Они спускались по лестнице; скользя рукой по перилам, Антон послушно следовал за Безводовым. На последней ступеньке им встретился старший мастер Самылкин, невысокий круглый человек с полными плечами; бритую голову его прикрывала плоская кепка; лицо у него было круглое, по-бабьи доброе, между пухлых подвижных щек утопал маленький нос торчком; халат накинут на синюю майку-безрукавку.
— Этот? — спросил Самылкин Безводова и, повернувшись к Антону, смерил его взглядом с ног до головы и сказал: — Значит, работать у нас отважился? Так… Дело хорошее. И давай порешим сразу: я, гляди, парень, человек строгий, нянчиться с тобой не буду, поблажек от меня не жди, а коли что не так — душу вытрясу.

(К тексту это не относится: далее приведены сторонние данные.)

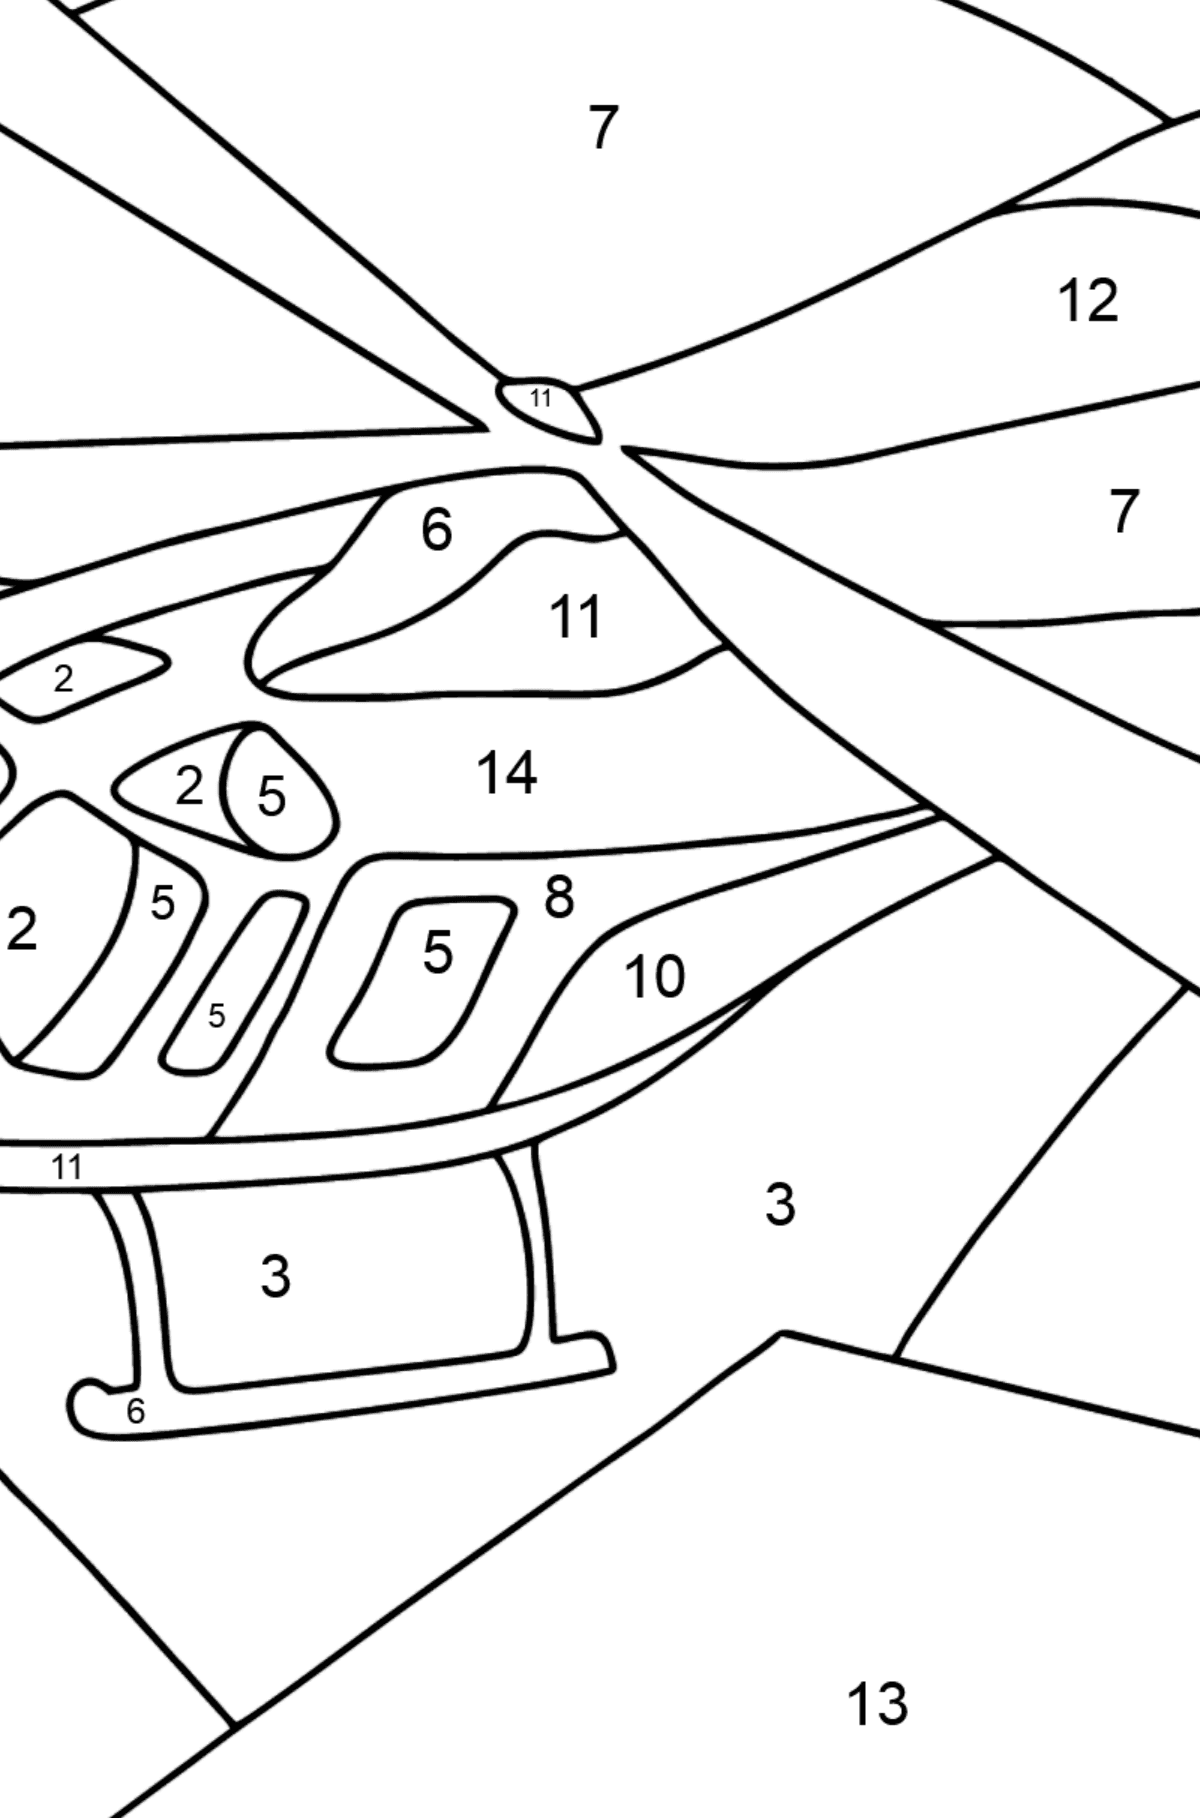 Coloring Page - A Sport Helicopter - Coloring by Numbers for Kids

А попадешься под горячую руку — и по загривку получишь. Но и ты, коли что — спрашивай с меня, требуй, не будь тюфяком. Не люблю. Понял?.. И замечай, к кому тебя ставят — к Фоме Прохоровичу Полутенину. Старайся. Он, гляди, парень, лентяев и замухрышек тоже не почитает.

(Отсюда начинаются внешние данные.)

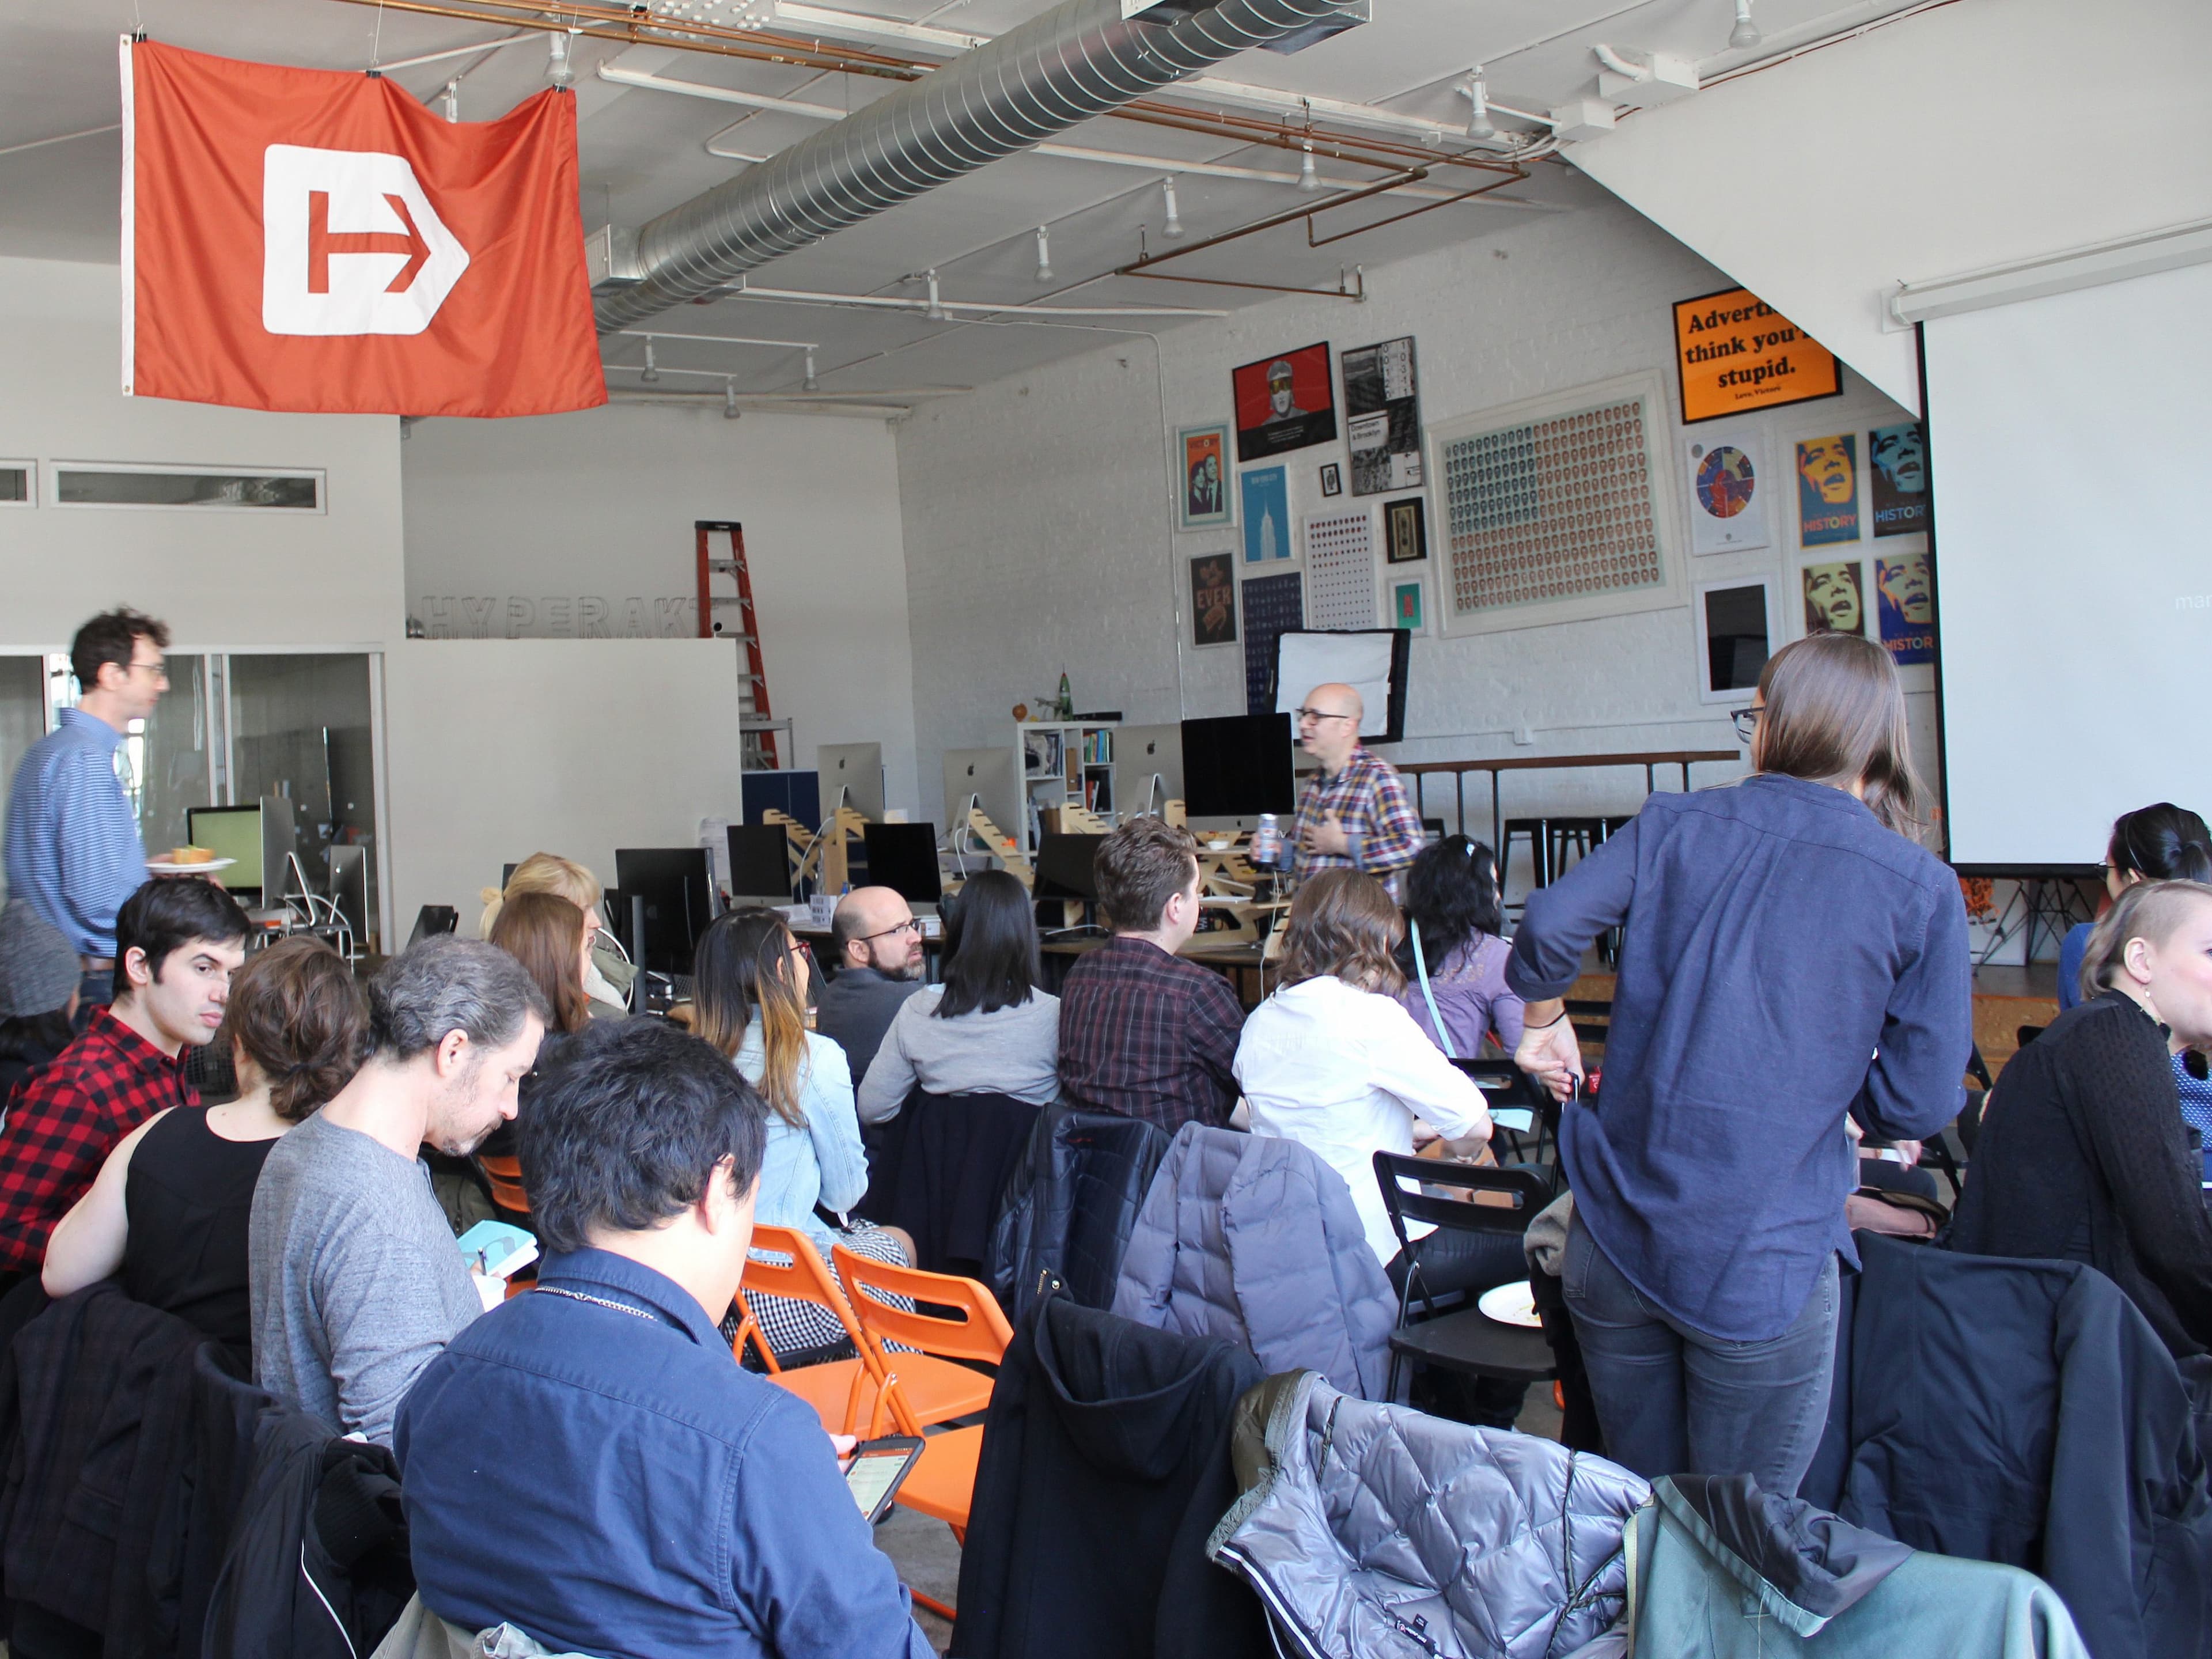 A group of people sits in a classroom with a large orange flag bearing a white "H" hanging from the ceiling. The room has a projector screen, posters on the wall, and a few people standing or walking around. Some attendees are talking, and most are facing toward the front.

— Кто же их почитает, замухрышек-то? — согласился Антон, украдкой вглядываясь в старшего мастера, стараясь определить, что он за человек.

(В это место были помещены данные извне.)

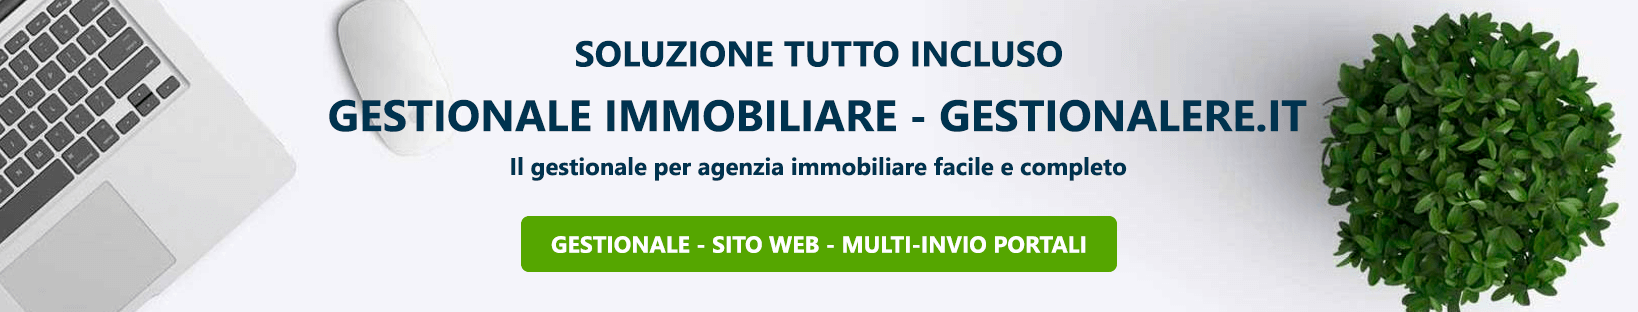 Gestionale immobiliare banner

— Ну, шагай за мной, — приказал Самылкин и подмигнул Безводову: дескать, идем, потешимся…
Старший — мастер любил сам вводить в цех новичков. Прямо у двери стояли и по-гаубичному ревели тяжелые паровые молоты — на них штамповались коленчатые валы. От ударов сотрясались стены здания, колебалась земля, и на входившего внезапно обрушивался грохот, в лицо кидались гривастые хлопья пламени, под ноги сыпался огненный дождь, и новичок или пятился назад, к двери, или скованно замирал на месте, невольно содрогаясь и прикрывая глаза рукавом. Старший мастер веселился, наслаждаясь произведенным эффектом «огненного крещения», лицо его расплывалось в добродушной ухмылке, полный живот колыхался; наклонясь к уху новичка, он предупреждал с удовлетворением:
— Это тебе не парк культуры, а цех — настоящий горячий. Гляди, парень, не обожгись…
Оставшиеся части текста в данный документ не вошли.